Problem description. All lines from the one containing "Compartment figure. 26" down to the one containing "Non me ne starò", both ends included, are to be given again exactly; omit the rest of the listing below.
• • •
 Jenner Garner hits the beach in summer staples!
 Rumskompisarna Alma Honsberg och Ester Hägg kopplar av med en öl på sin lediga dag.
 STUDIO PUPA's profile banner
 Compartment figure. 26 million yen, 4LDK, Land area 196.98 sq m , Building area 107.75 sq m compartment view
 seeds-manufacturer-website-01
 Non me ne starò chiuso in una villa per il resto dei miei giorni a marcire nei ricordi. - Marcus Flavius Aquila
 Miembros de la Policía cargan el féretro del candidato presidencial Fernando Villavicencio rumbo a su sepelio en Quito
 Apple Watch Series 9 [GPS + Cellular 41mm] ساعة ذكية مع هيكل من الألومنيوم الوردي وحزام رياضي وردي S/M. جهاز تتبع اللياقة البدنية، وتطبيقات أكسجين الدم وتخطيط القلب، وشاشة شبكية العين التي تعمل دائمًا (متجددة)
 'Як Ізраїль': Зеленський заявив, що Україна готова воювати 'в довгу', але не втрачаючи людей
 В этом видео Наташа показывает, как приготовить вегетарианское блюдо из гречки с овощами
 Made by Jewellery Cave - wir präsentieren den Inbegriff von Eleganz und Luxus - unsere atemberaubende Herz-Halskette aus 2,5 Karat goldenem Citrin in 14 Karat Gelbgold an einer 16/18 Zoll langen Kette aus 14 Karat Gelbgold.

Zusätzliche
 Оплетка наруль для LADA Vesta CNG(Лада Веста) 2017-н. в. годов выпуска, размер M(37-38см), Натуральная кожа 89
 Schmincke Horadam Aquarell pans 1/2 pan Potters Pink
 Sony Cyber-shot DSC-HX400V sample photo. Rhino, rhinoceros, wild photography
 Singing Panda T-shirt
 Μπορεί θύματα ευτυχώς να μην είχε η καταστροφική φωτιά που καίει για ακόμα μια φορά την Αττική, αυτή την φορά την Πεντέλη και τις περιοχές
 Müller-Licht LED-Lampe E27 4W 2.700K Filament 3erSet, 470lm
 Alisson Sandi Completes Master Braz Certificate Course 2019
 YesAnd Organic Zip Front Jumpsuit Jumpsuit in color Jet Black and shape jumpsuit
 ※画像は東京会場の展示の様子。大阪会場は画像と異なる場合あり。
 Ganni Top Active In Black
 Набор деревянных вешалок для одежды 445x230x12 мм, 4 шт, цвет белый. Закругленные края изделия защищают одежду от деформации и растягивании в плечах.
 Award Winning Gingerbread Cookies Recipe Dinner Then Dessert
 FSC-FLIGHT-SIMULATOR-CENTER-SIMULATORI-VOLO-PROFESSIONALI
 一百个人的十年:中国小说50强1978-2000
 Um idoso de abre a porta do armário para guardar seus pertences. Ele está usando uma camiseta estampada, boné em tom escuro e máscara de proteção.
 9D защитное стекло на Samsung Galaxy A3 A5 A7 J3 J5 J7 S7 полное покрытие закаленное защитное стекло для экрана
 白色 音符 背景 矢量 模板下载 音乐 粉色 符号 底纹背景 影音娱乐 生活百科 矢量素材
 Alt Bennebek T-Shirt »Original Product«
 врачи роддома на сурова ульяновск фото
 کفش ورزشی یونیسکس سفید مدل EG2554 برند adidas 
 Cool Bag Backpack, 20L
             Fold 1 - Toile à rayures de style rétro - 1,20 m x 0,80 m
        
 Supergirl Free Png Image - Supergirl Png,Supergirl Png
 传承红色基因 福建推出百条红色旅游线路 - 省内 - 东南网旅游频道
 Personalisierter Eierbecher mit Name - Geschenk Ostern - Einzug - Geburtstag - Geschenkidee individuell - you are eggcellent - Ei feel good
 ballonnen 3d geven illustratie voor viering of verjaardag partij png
• • •
Result of this task.
 Compartment figure. 26 million yen, 4LDK, Land area 196.98 sq m , Building area 107.75 sq m compartment view
 seeds-manufacturer-website-01
 Non me ne starò chiuso in una villa per il resto dei miei giorni a marcire nei ricordi. - Marcus Flavius Aquila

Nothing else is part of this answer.